Engineering Contradictions & Design Principles
Engineering Contradiction Analysis
1Productivity
If bandwidth extension techniques are used to enable low bitrate audio coding, then audio compression efficiency is improved, but high-frequency detail and timbre are lost
Solution Approach 1:
The audio spectrum is segmented into low-frequency and high-frequency regions, with different coding strategies applied to each. The low-frequency region is waveform coded to preserve detail, while the high-frequency region uses parametric coding for compression, allowing efficient bitrate allocation that maintains both compression and high-frequency quality.
Solution Approach 2:
Different coding qualities are applied locally to different frequency regions. The low-frequency region receives higher coding quality (waveform coding) to preserve perceptually important content, while the high-frequency region uses lower quality parametric coding, optimizing overall perceptual quality at low bitrates.
2Productivity
If spectral patching is used to fill high-frequency regions, then bandwidth extension is achieved, but artifacts like dissonance and warbling are introduced
Solution Approach 1:
The system dynamically adapts the cross-over frequency between low-frequency and high-frequency regions based on signal analysis.

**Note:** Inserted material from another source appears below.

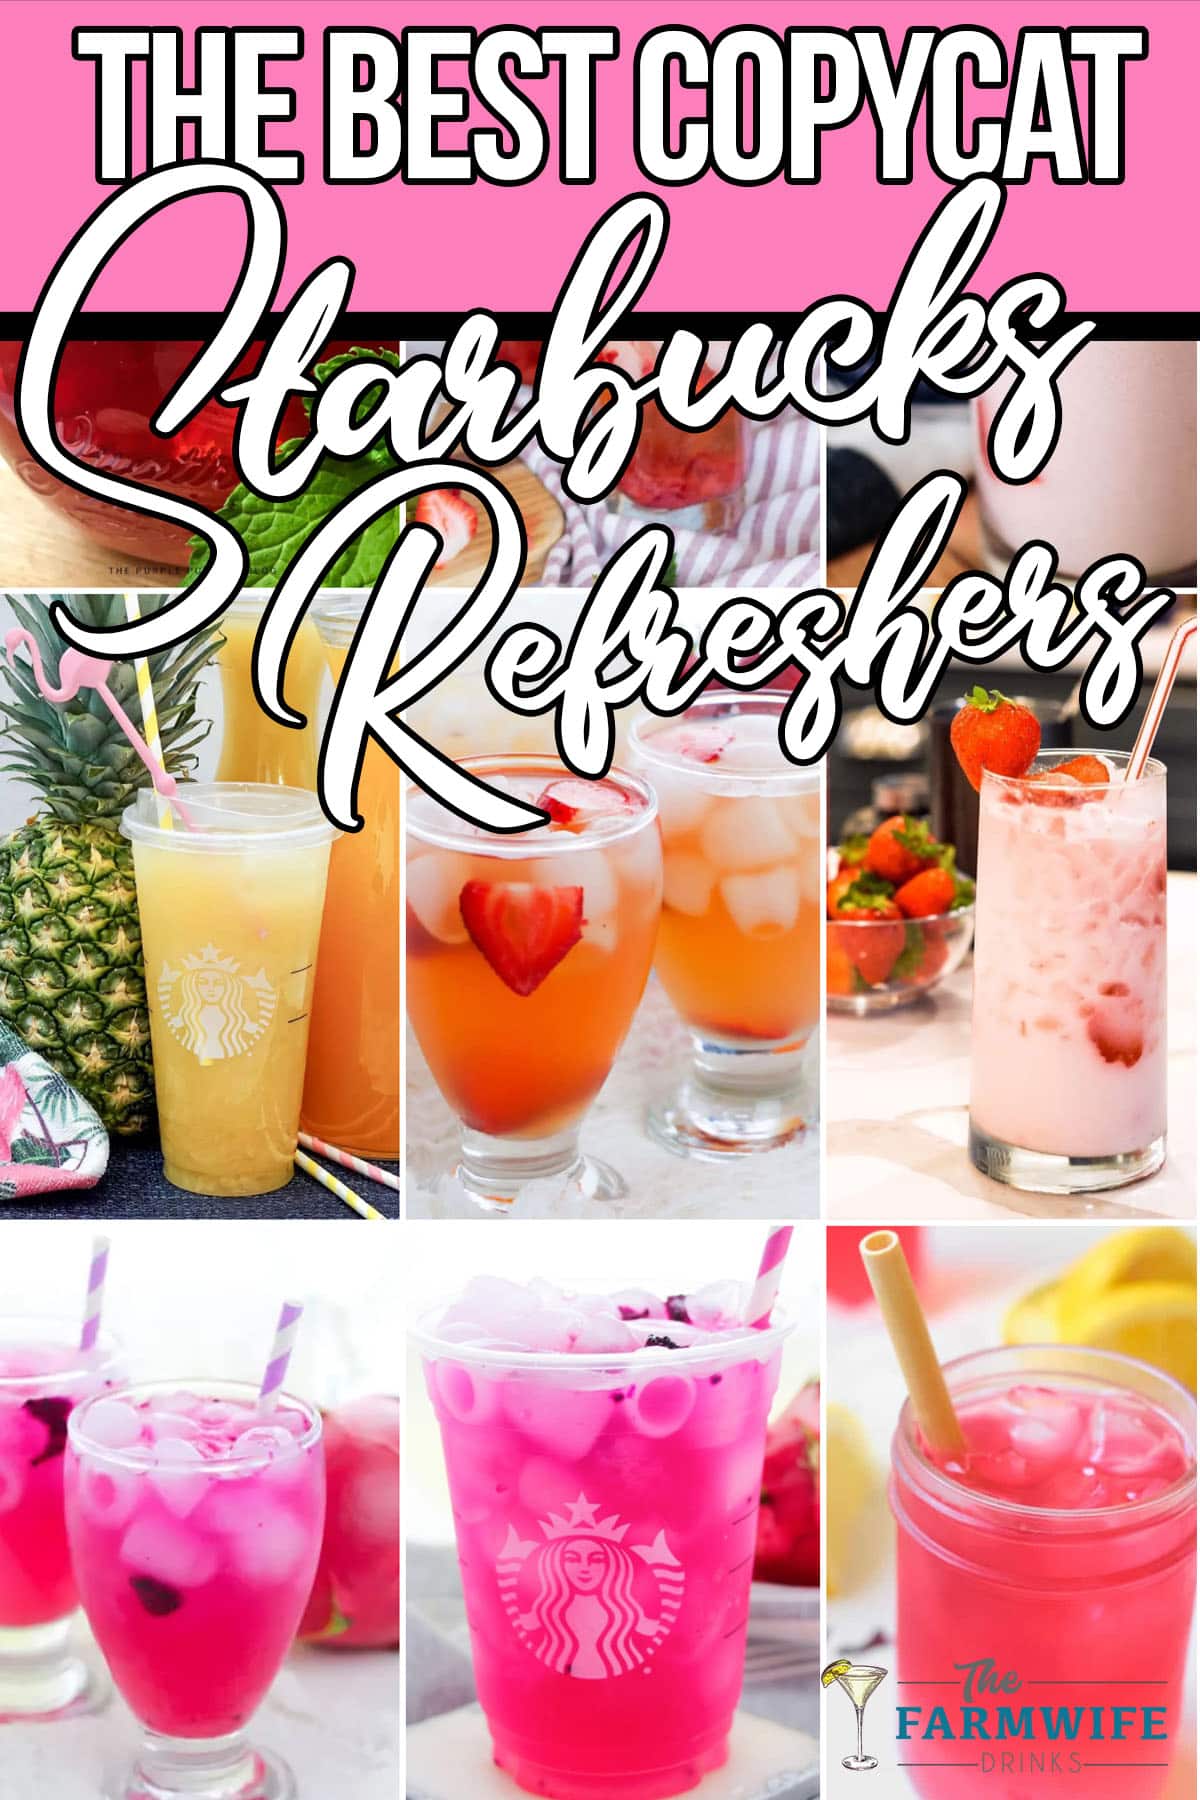 collage of photos showing starbucks copycat refresher drinks with text which reads the best copycat starbucks refreshers
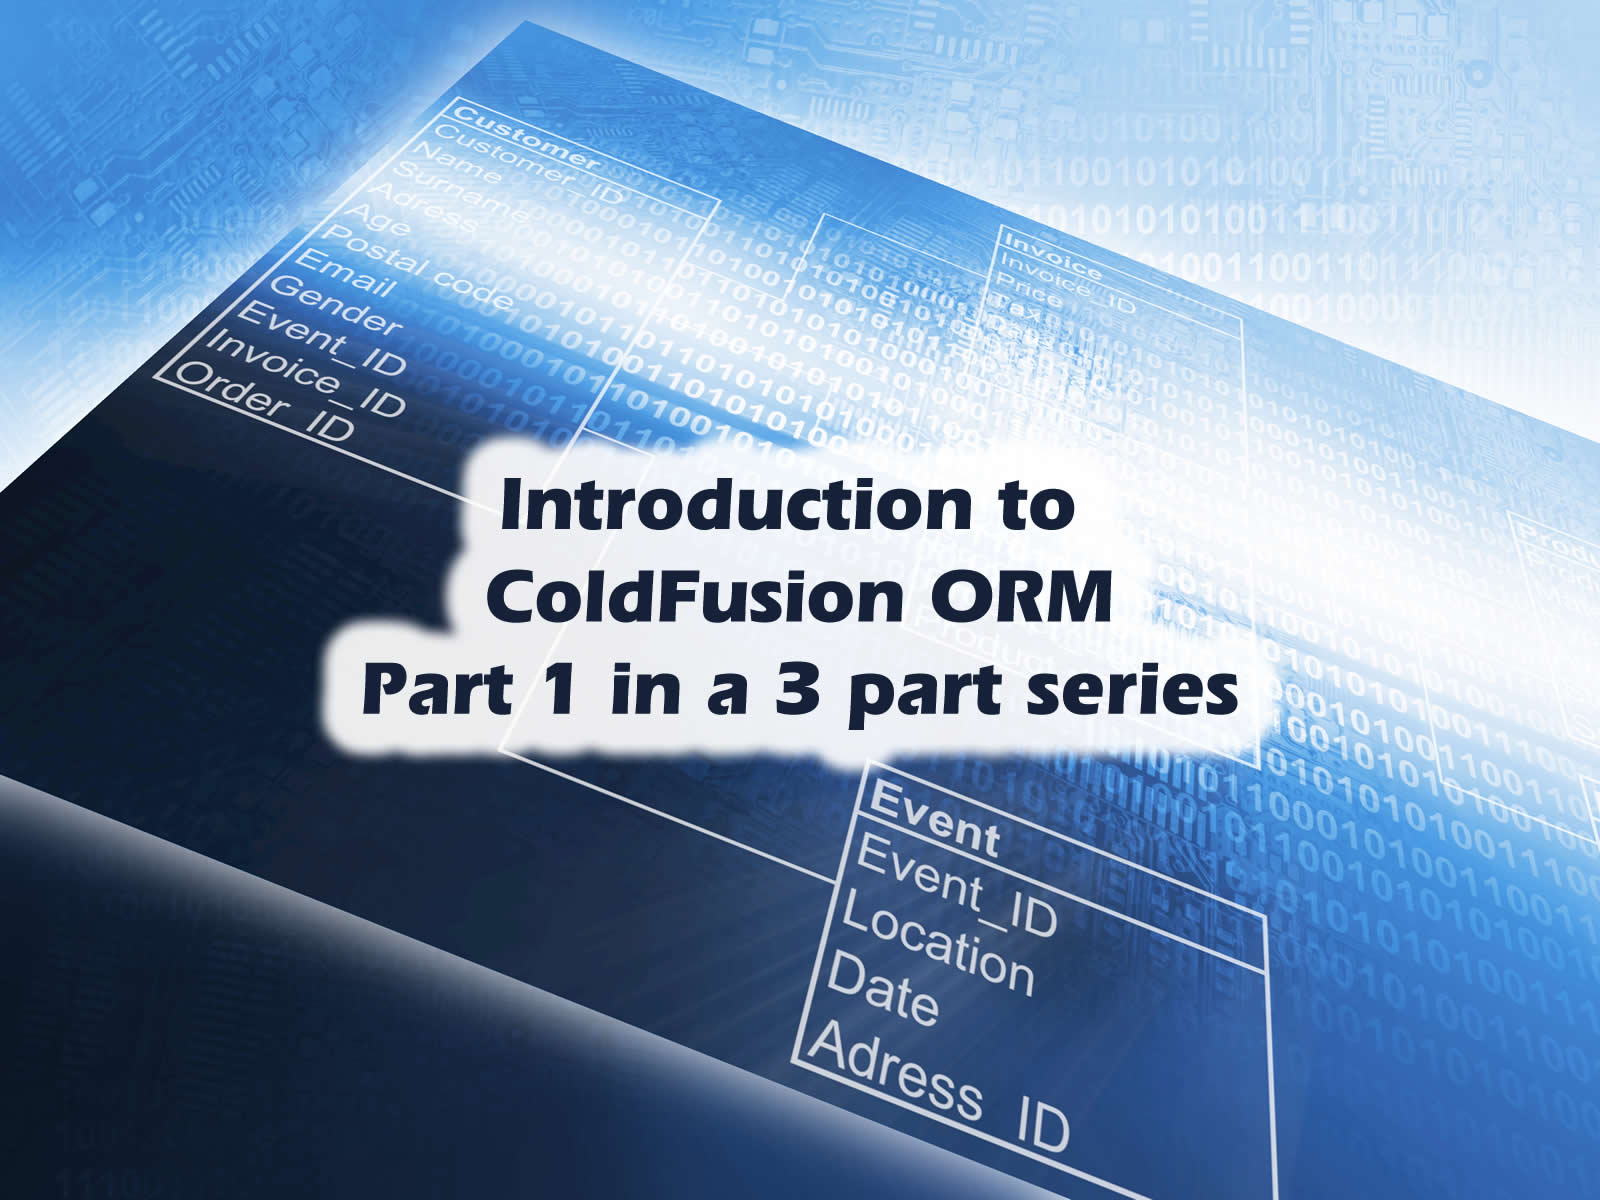 Introducing ColdFusion ORM

This dynamic adjustment prevents fixed boundary artifacts like dissonance and warbling by optimizing the transition point according to the actual signal characteristics.
Solution Approach 2:
A cross-over filter acts as an intermediary between the low-frequency and high-frequency regions, providing a smooth transition that eliminates abrupt spectral discontinuities. This intermediary filtering prevents the introduction of dissonance and warbling artifacts at the boundary between coded and synthesized regions.
3Productivity
If transform-based bandwidth extension is used, then compression efficiency increases, but ringing artifacts are introduced
Solution Approach 1:
The system converts the potential harm of transform-based processing by using the transform domain for efficient parametric coding while applying inverse filtering and cross-over filtering to eliminate the resulting ringing artifacts. The harmful transform effects are thus converted into beneficial compression efficiency.
Solution Approach 2:
The system changes parameters such as the cross-over frequency and filter characteristics based on signal analysis to minimize ringing artifacts. By adapting these parameters to the signal content, the system maintains compression efficiency while reducing transform-induced artifacts.
4Device complexity
If a fixed cross-over frequency is used for bandwidth extension, then implementation is simplified, but signal adaptability is reduced
Solution Approach 1:
The cross-over frequency is made dynamic rather than fixed, adapting to the signal characteristics through analysis. This dynamic approach improves signal adaptability while maintaining reasonable implementation complexity through efficient signal analysis and adaptive filtering techniques.
Solution Approach 2:
The system performs self-adjustment by analyzing its own signal content and automatically optimizing the cross-over frequency and filter parameters. This self-service capability improves signal adaptability without requiring external control or complex manual configuration.
Data Source
AI summary
Apparatus for decoding an encoded audio signal including an encoded core signal, including: a core decoder for decoding the encoded core signal to obtain a decoded core signal; a tile generator for generating one or more spectral tiles having frequencies not included in the decoded core signal using a spectral portion of the decoded core signal; and a cross-over filter for spectrally cross-over filtering the decoded core signal and a first frequency tile having frequencies extending from a gap filling frequency to an upper border frequency or for spectrally cross-over filtering a first frequency tile and a second frequency tile.